In [1]:
from kaggle.api.kaggle_api_extended import KaggleApi
import pandas as pd
import os

# 初始化 Kaggle API
api = KaggleApi()
api.authenticate()

# 设置下载路径
download_dir = "./data"
os.makedirs(download_dir, exist_ok=True)

# 下载数据集
api.dataset_download_files(
    "vivek468/superstore-dataset-final",
    path="./data",
    unzip=True
)

csv_file = "Sample - Superstore.csv"
csv_path = os.path.join(download_dir,csv_file)

# 读取数据集
df = pd.read_csv(csv_path,encoding='ISO-8859-1')

OSError: Could not find kaggle.json. Make sure it's located in /root/.config/kaggle. Or use the environment method.
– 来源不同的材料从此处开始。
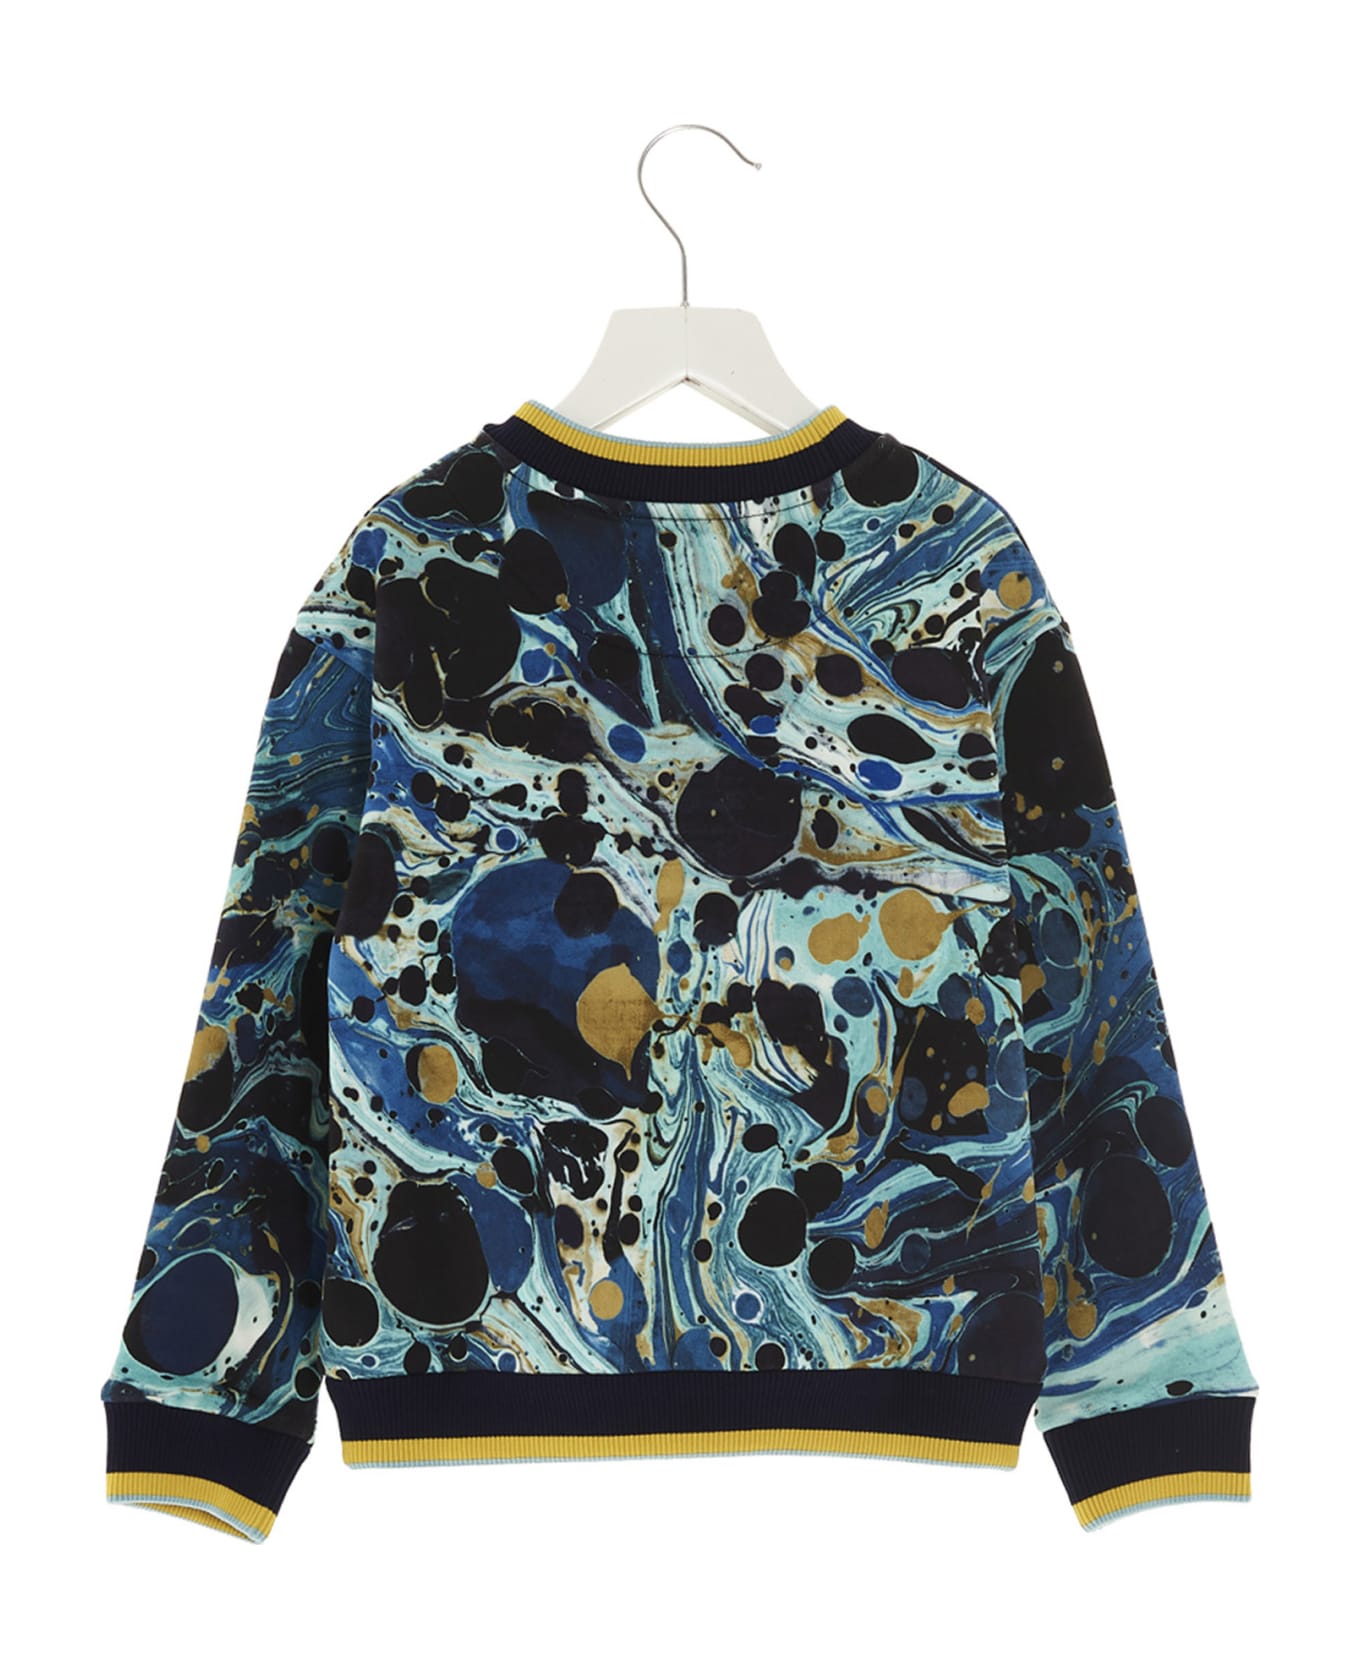 Dolce & Gabbana Marble Printed Sweatshirt - Multicolor

See setup instructions at https://github.com/Kaggle/kaggle-api/

In [None]:
df.head()

In [None]:
def explore_data(df):
    print("数据基本信息如下：")
    print("字段名称:\n", df.columns.tolist())
    print("\n数据类型:\n", df.dtypes)

    print("\n数据样本如下：")
    display(df.head(3))
    print("\n数据维度:", df.shape)

    print("\n缺失值分析如下：")
    missing = df.isnull().sum()
    print("缺失值数量:\n", missing[missing > 0])
    print("\n缺失值百分比:\n", round(df.isnull().mean()[missing > 0] * 100, 2))

explore_data(df)

In [None]:
# 统计完全重复的行数
duplicate_rows = df[df.duplicated(keep=False)]
print(f"完全重复的行数: {len(duplicate_rows)}")

In [None]:
df['Order Date'] = pd.to_datetime(df['Order Date'], infer_datetime_format=True, errors='coerce')
df['Ship Date'] = pd.to_datetime(df['Ship Date'], infer_datetime_format=True, errors='coerce')

# 检查转换后的数据类型
print("字段类型:\n", df[['Order Date', 'Ship Date']].dtypes)

In [None]:
stats = {
    'Sales': {
        '均值': df['Sales'].mean(),
        '中位数': df['Sales'].median(),
        '标准差': df['Sales'].std(),
        '峰度': df['Sales'].kurtosis(),
        '偏度': df['Sales'].skew()
    },
    'Profit': {
        '均值': df['Profit'].mean(),
        '中位数': df['Profit'].median(),
        '标准差': df['Profit'].std(),
        '峰度': df['Profit'].kurtosis(),
        '偏度': df['Profit'].skew()
    }
}
print(stats)

In [None]:
# 按产品和地区分组分析
grouped = df.groupby(["Category","Region"]).agg({
    "Sales":["sum","mean","median"],
    "Profit":["sum","mean","median",lambda x:(x<0).mean()]
}).round(2)

# 重新命名列名
grouped.columns = ["销售额总和","平均销售额","销售额中位数",
                   "利润总和","平均利润","利润中位数","亏损比例"]

# 输出结果
print("按产品和地区分组的销售表现如下：")
print(grouped.sort_values(by="利润总和",ascending=False))

# 计算利润率
grouped["利润率"] = (grouped["利润总和"]/grouped["销售额总和"]).round(3)
print("\n利润率排名为：")
print(grouped["利润率"].sort_values(ascending=False))

In [None]:
# 按年趋势分析
yearly_trend = df.groupby(df['Order Date'].dt.year).agg({
    "Sales":'sum',
    "Profit":'sum',
    "Order ID":'count'
}).rename(columns={"Order ID":"Order Count"})

# 计算年平均利润率
yearly_trend["Profit Margin"] = yearly_trend["Profit"] / yearly_trend["Sales"]

# 按月趋势分析
monthly_trend = df.groupby([
    df['Order Date'].dt.year.rename("Year"),
    df["Order Date"].dt.month.rename("Month")
]).agg({
    'Sales':"sum",
    "Profit":'sum',
}).reset_index()

# 创建年月标签
monthly_trend['Year-Month'] = monthly_trend['Year'].astype(str) + '-' + monthly_trend['Month'].astype(str).str.zfill(2)

# 输出结果
print("年度趋势如下：")
print(yearly_trend[["Sales","Profit","Profit Margin"]].round(2))
print("\n月度趋势如下：")
print(monthly_trend.tail(12).set_index("Year-Month")[["Sales","Profit"]].round(2))

In [None]:
# 按产品聚合统计利润
product_profit = df.groupby("Product Name").agg({
    "Profit":['sum','mean','count'],
    "Sales":"sum"
}).sort_values(('Profit','sum'),ascending=False)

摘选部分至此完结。